Artigo 11 - Os projetos de extensão serão avaliados pelo Comitê de Extensão.

§ 1º - Para avaliação no Comitê de Extensão deverá ser escolhido um relator que analisará, além dos objetivos do projeto, sua adequação metodológica bem como os meios físicos e financeiros.

§ 2º - Quando julgado conveniente pelo Comitê de Extensão, poderá ser encaminhado para avaliação à especialista(s) que não participe do Comitê.

Artigo 12 - Os projetos de extensão aprovados pelo Comitê de Extensão deverão ser encaminhados, antes de serem efetivamente incluídos no Plano de Entensão, à Sub-Reitoria de Ensino e Pesquisa (SREP) para compatibilização com as atividades de ensino e pesquisa.

Artigo 13 - O andamento dos projetos de extensão, incluídos no Plano de Extensão, será avaliado, no mínimo, anualmente.

 

  1. Fundo de Extensão
  2. Artigo 14 - O Fundo de Extensão (FuExt) de que falam o RGU e o Artigo 4º será integrado pelo conjunto de todas as verbas que a Universidade destine à extensão.
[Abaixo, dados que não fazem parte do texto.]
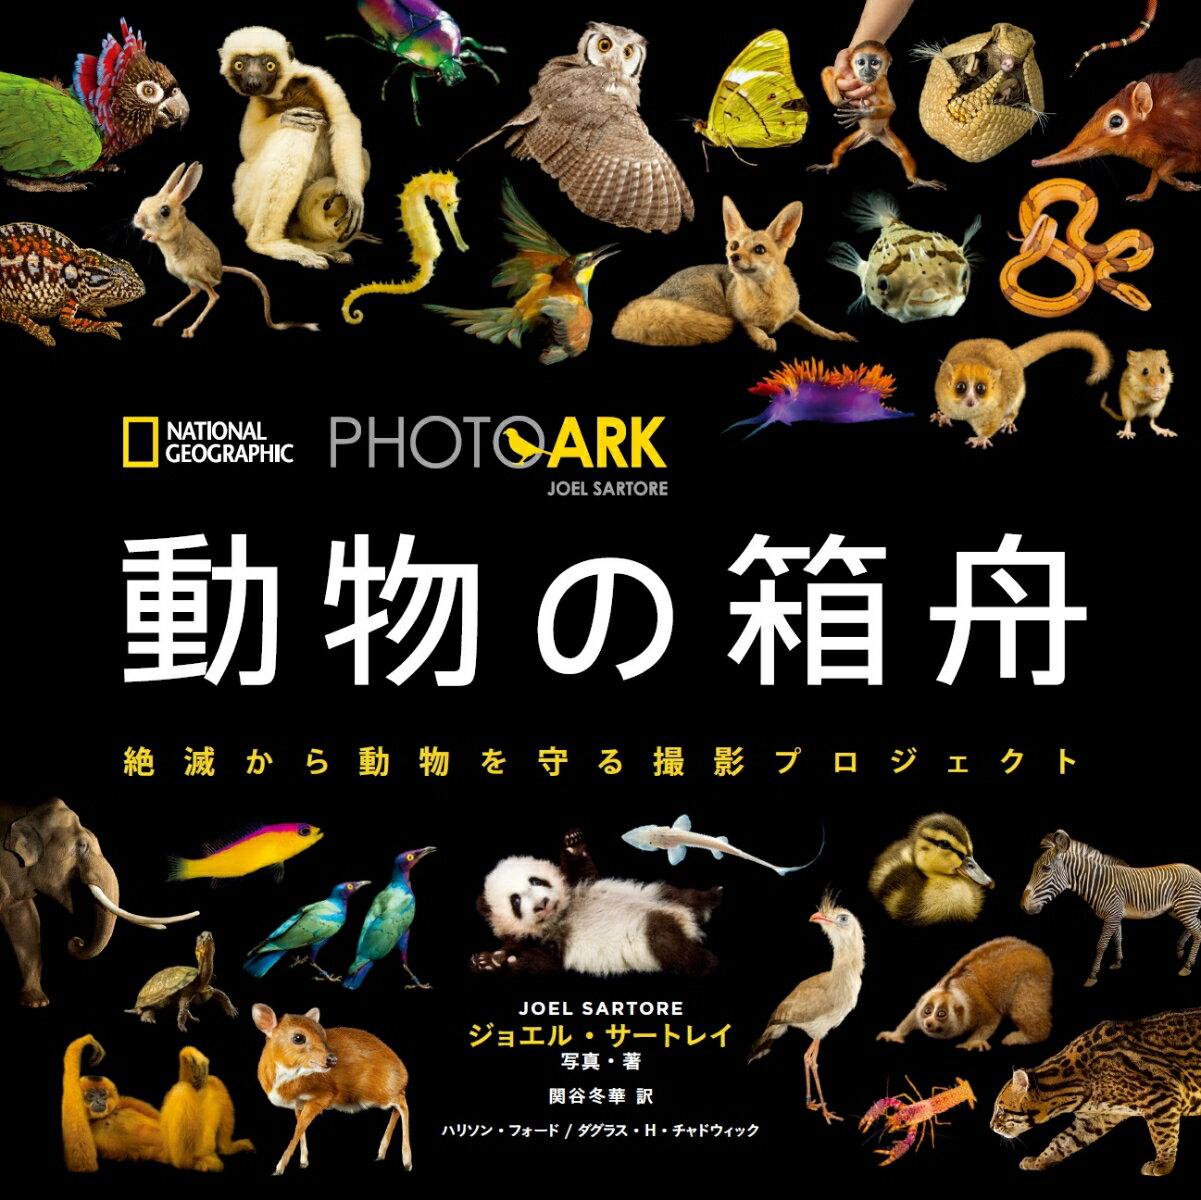 動物の箱舟 PHOTO ARK 絶滅から動物を守る撮影プロジェ [ ジョエル・サートレイ ]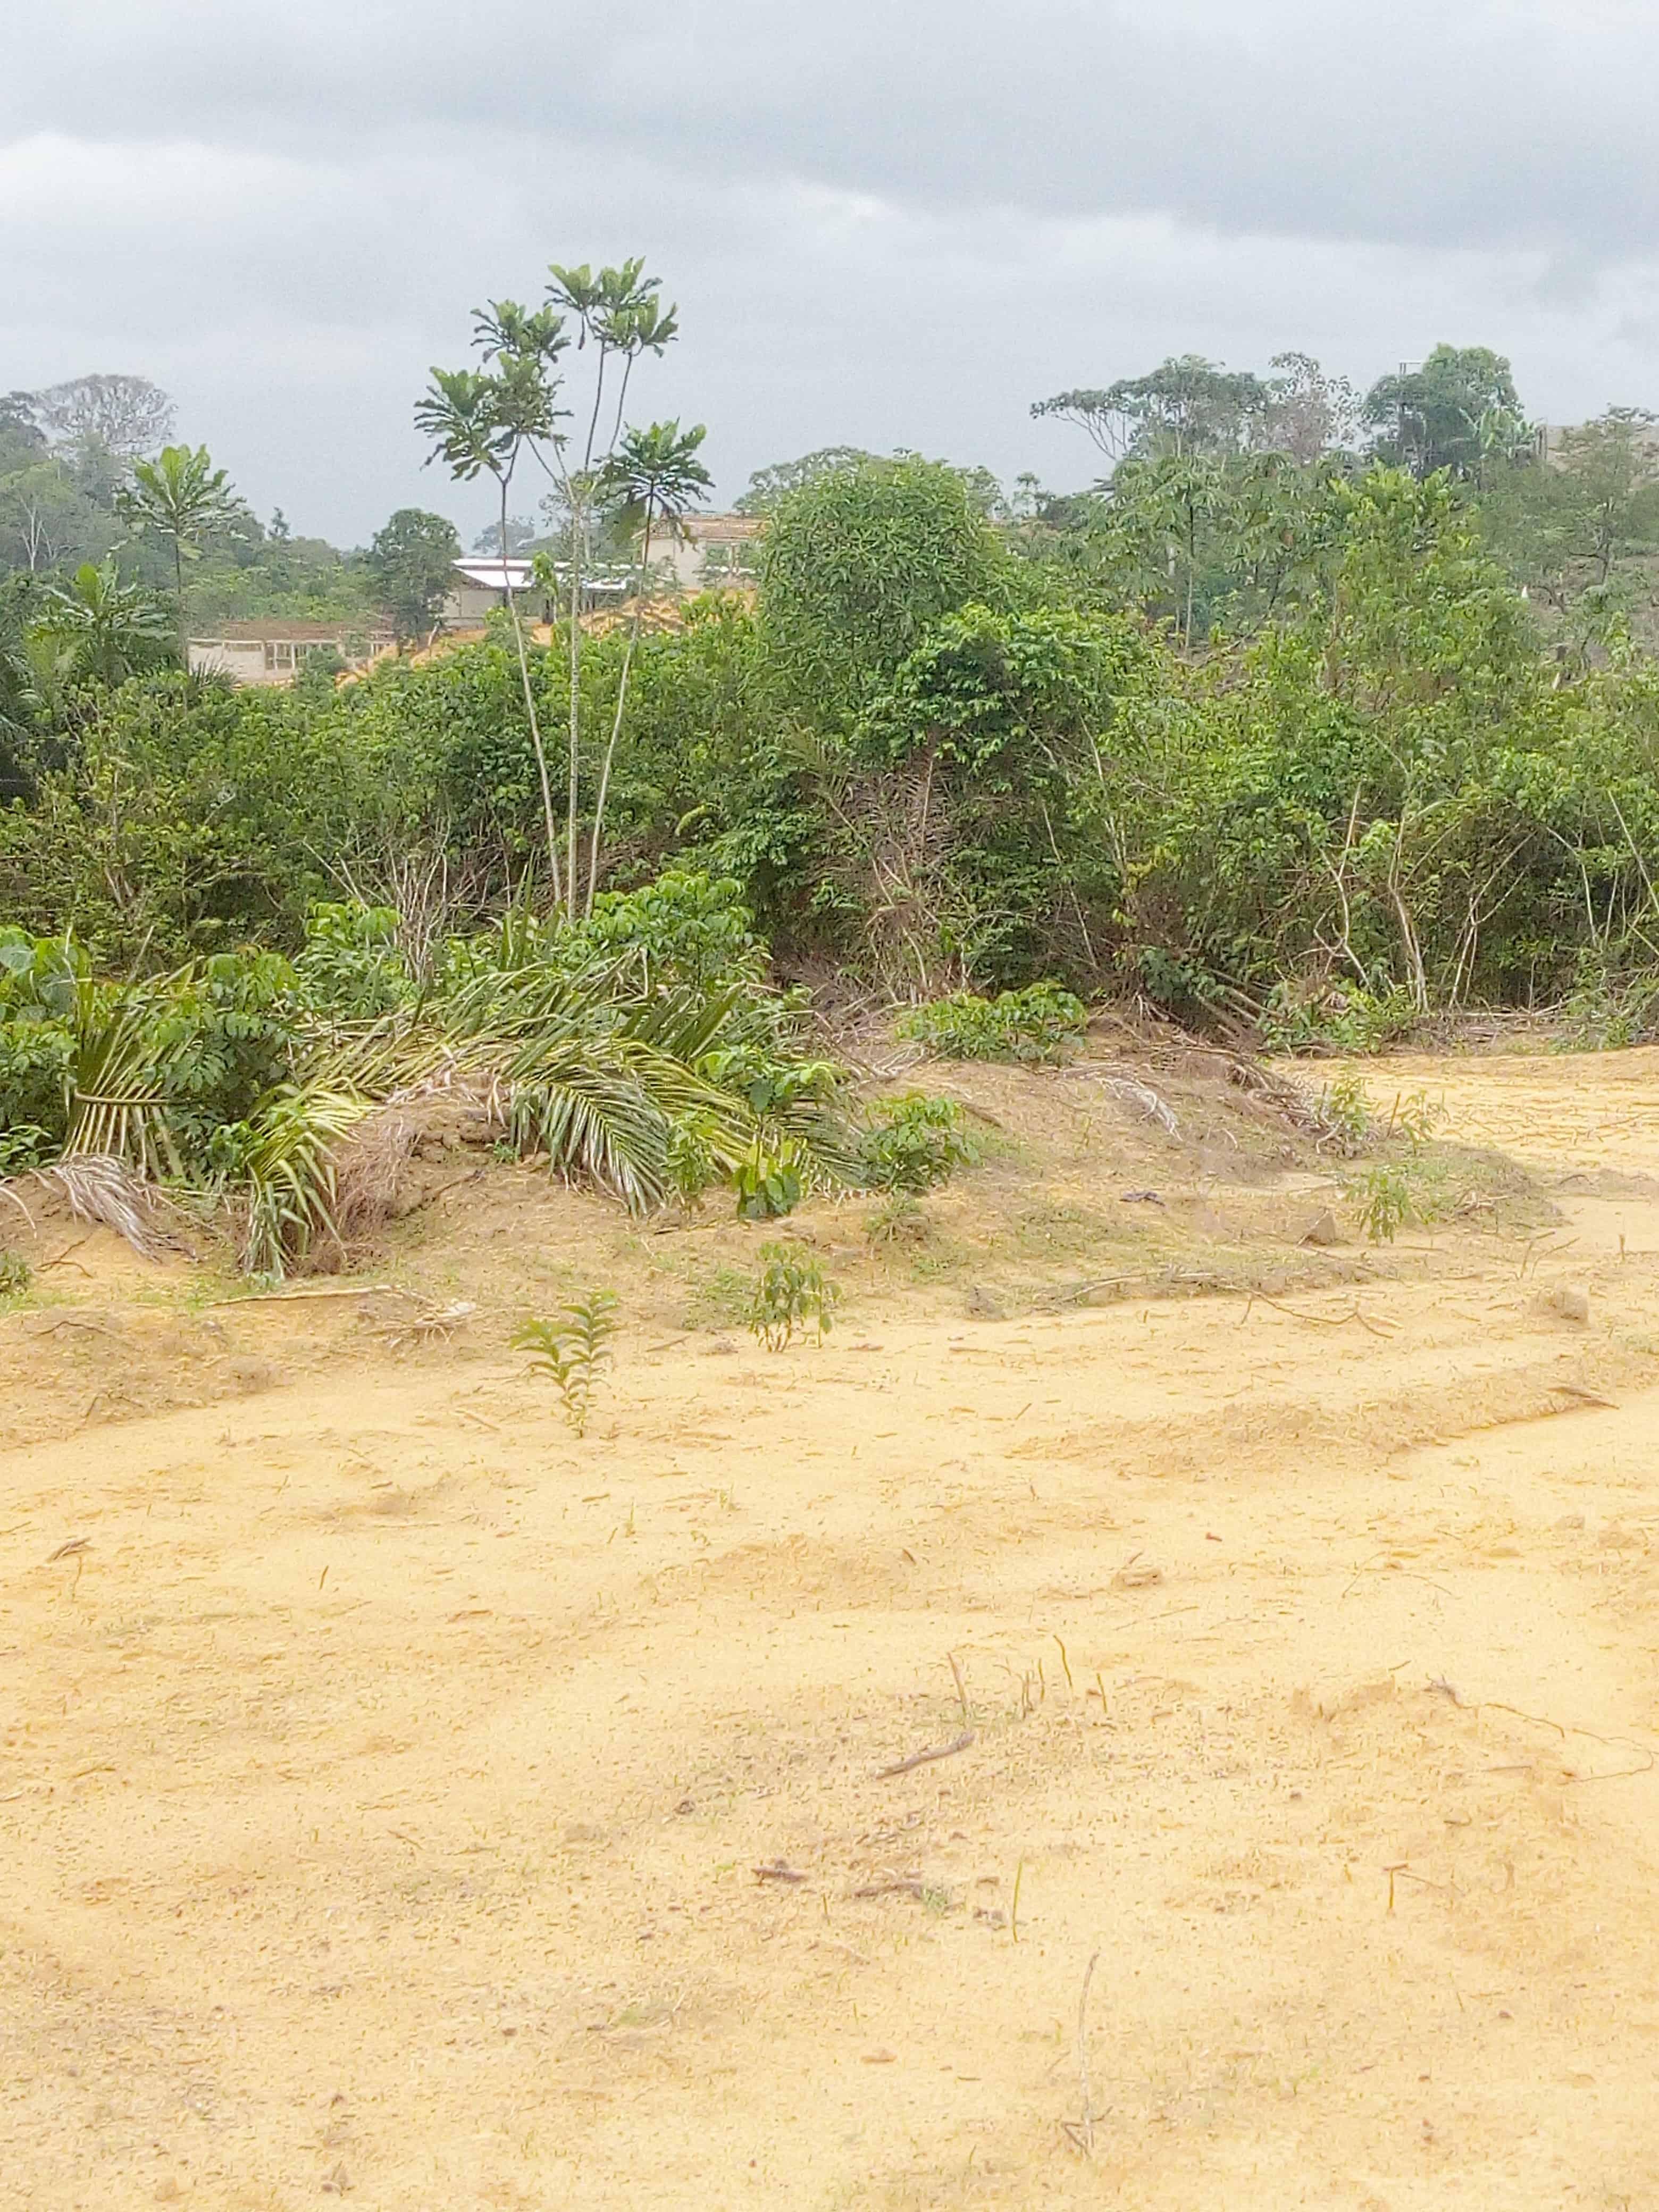 Land for sale at Douala, PK 27, Pk27 - 30000 m2 - 3 000 000 FCFA

Inclui uma percentagem de recursos próprios, verbas específicas do tesouro, verbas provenientes de convênios sem destinação específica e doações para extensão.

    Artigo 15 - Na aplicação de recursos do FuExt, o Comitê de Extensão deverá dar ênfase a projetos que atendam a indissociabilidade do ensino-pesquisa-extensão.

     

  3. Disposições Finais

Artigo 16 - Qualquer projeto não aprovado na forma estabelecida na presente deliberação não será reconhecido pela URG como atividade de extensão.

Artigo 17 - Obedecidos os preceitos constantes na presente Deliberação e do Regimento Geral da Universidade (RGU), os casos omissos serão resolvidos pelo COEPE.

Artigo 18 - A presente Deliberação entra em vigor a partir da elaboração do Plano de Atividades de Extensão para 1989, ficando revogadas as disposições em contrário.